Experimental Investigation of the Dynamic Performances of a Miniature Soft Magneto-Rheological Shock Absorber

In the proposed work, the dynamic performances of a miniature soft Magneto-Rheological (MR) shock absorber are analyzed. The final application for which the damper has been designed and in which it will be embedded is a variable stiffness insole for patients with foot neuropathy and undergoing plantar ulcerations. Considering that the common design methodology used to dimension MR devices merely defines the maximum ratings of the sustainable efforts (i.e. maximum sustainable load for MR dampers, pressure drop for MR valves and braking torque for MR brakes or clutches), the relevance of their dynamics involved (respectively the impact velocity of the loading body for shock absorbers, the imposed flow rate and the rotating speed for MR valves and brakes) is often neglected in the dimensioning phase although it may assume a fundamental relevance. The understanding of the dynamic behavior of MR devices become even more important if these latter are part of a element or a more complex system in which all the elements differently affect its final behavior.
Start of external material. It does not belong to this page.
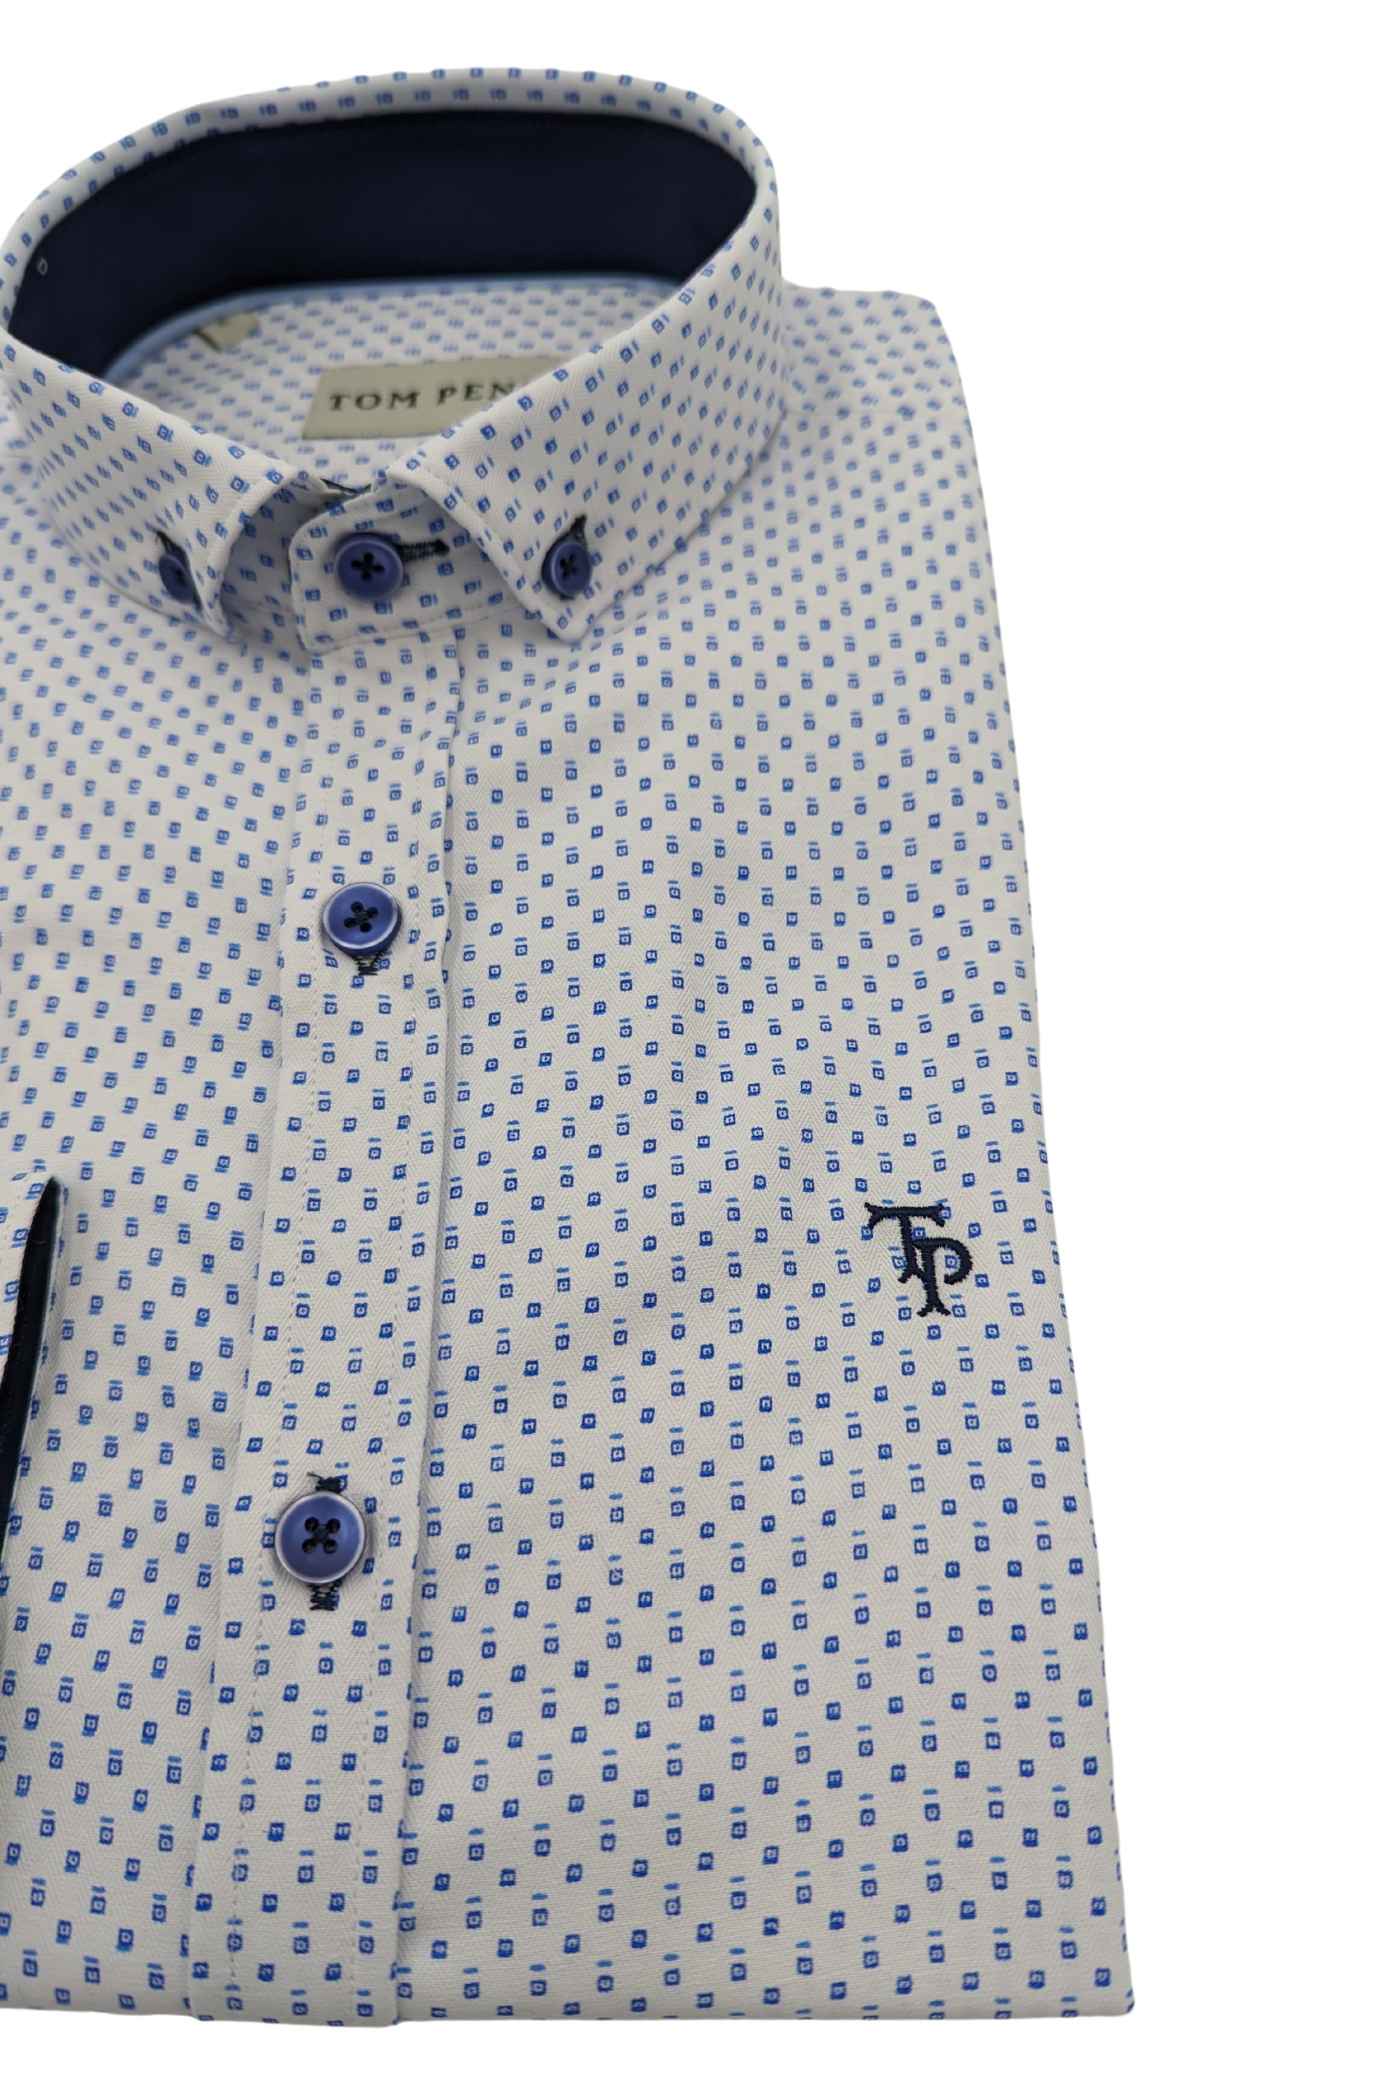 Tom Penn Long Sleeve White/Blue Shirt-Detail view

With this respect, test sessions are conducted to experimentally evaluate the contribution that the different elements composing the damper in order have on the overall performances of the final systems. © 2016 IEEE.

Published in:
Proceedings of the 2016 IEEE International Conference on Advanced Intelligent Mechatronics, AIM 2016, 2016-September, 240-245
Presented at:
2016 IEEE International Conference on Advanced Intelligent Mechatronics, AIM 2016, Banff, AB, Canada, July 12-15, 2016
Institute of Electrical and Electronics Engineers Inc.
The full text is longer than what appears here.